The right column indicates the percentage of student answers within each category.
Three students named the Moon, two of them indicating that “water has been found there” and another asserting that “life could be possible there by bringing air from Earth.” Although the Moon is an inhospitable body for life, the water reasoning was considered correct.
Only one student correctly explained why two or more Solar System bodies have or have had favorable conditions for life (C). The student's argument was based on the habitable zone as follows: “… maybe Mercury or other planets close to Sun, when the Sun was young, could have had water and maybe harbored life. In the future, when the Sun grows, it is possible that life could occur on Mars because it has solid water.”
A total of 41.6% students were not able to mention a single Solar System body or give a correct explanation (I). This group consists mostly of students who indicated “Mars” but made no explanation as to why Mars or indicated an incorrect explanation as, for example, “Mars, because it is the nearest planet to Earth, and it has similar weather.” Other incorrect answers included, for example, “As for Mars or Jupiter, given that they are almost at the same distance from the Sun as Earth, life might be a possibility.”
In no case was Europa, Enceladus, Ganymede, or another potentially interesting body of the Solar System mentioned.
The official curriculum includes related topics, such as “Physical properties of Earth and other Solar System bodies,” in the first year of secondary school (Natural Sciences, age 12).
3.6. Whether life exists beyond the Solar System
Most students were convinced of the existence of extraterrestrial life (Table 8).
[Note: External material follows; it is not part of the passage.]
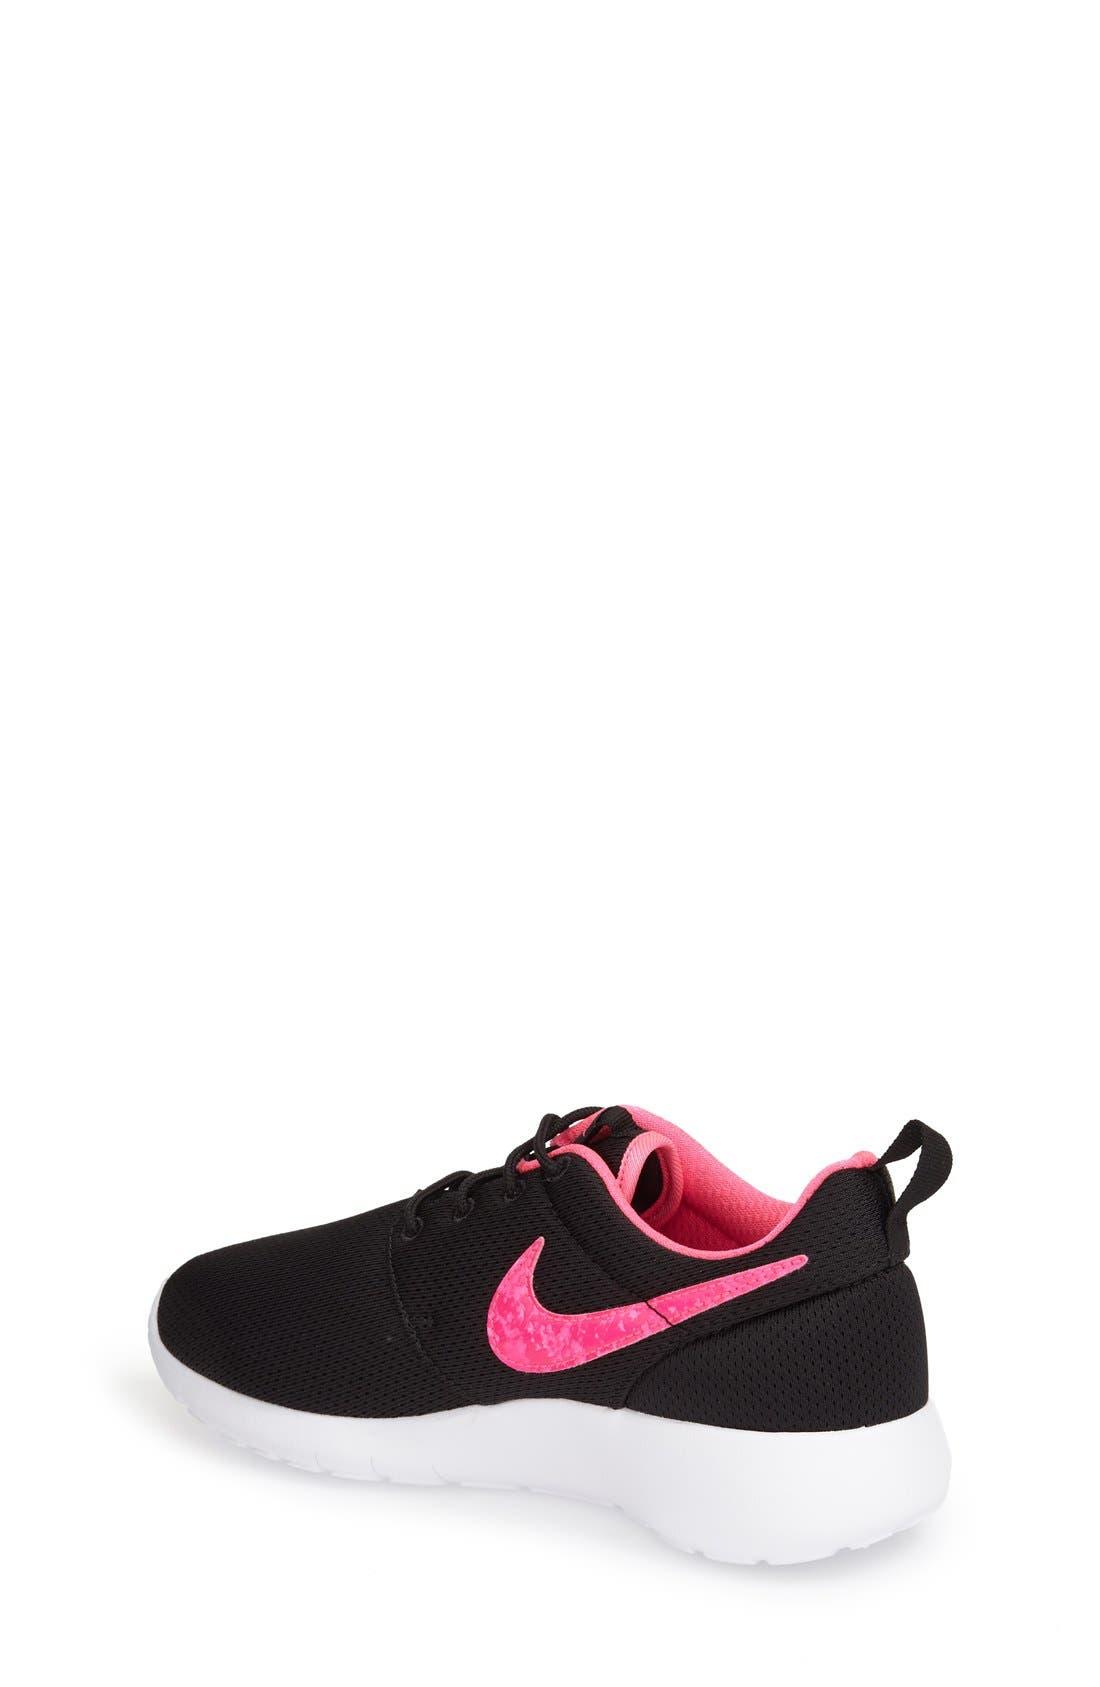 'Roshe Run' Athletic Shoe,                             Alternate thumbnail 77, color,

A total of 68.6% thought that life exists beyond Earth based on reasoned arguments (C). Among their arguments were the following: the infinite Universe (41.5%); the adaptability of life to a wide variety of ambient conditions (6.7%); the notion that if life emerged on Earth, it can emerge elsewhere (12.3%), which can be interpreted as a version of the adaptability argument; and the notion that “we can't be the only living beings in the universe” (9%), which can be interpreted as a reference to the infinite Universe as opposed to a hypothetical solitude in the Universe.
The right column indicates the percentage of student answers within each category.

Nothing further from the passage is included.